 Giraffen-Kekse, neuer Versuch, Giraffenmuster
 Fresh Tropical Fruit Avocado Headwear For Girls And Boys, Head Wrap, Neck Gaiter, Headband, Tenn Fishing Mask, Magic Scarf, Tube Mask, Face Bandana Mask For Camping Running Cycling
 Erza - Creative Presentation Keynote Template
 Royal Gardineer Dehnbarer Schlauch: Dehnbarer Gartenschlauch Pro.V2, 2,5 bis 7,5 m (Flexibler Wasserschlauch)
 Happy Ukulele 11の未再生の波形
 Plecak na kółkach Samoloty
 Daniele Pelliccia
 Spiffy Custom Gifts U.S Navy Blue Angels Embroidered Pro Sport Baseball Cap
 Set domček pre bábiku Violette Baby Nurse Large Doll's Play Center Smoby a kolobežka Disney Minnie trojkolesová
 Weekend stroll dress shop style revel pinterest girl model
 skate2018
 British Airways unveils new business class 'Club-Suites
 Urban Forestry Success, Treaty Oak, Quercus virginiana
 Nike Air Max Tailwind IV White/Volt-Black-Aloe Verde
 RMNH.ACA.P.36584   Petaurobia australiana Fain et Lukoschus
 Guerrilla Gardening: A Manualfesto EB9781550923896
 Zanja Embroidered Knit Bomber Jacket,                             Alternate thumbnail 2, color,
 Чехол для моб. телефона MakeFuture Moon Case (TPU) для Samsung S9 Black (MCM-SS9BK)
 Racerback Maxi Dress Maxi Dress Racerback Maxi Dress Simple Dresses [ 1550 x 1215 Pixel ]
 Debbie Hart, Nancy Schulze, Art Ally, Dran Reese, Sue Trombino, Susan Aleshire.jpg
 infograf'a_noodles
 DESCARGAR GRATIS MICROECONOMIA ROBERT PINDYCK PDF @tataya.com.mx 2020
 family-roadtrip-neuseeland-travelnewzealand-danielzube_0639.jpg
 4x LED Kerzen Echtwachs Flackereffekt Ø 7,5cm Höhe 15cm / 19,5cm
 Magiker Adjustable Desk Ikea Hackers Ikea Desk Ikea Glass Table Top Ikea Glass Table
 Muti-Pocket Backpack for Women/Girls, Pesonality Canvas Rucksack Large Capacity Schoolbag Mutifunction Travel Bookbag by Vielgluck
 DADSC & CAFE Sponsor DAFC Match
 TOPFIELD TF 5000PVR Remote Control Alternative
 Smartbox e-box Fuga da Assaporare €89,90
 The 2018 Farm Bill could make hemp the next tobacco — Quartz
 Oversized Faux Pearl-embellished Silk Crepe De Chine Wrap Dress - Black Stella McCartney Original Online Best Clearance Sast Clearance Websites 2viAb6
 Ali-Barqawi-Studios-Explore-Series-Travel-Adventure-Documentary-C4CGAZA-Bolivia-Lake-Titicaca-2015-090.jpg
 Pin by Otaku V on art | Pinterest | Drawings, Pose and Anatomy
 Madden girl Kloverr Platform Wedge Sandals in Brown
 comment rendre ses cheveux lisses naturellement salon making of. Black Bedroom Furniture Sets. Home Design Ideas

» **REQUIRED ACTION**
State how many lines of the listing above include the word "Black". Give nothing but the number.

» **COMPLETED EXERCISE**
4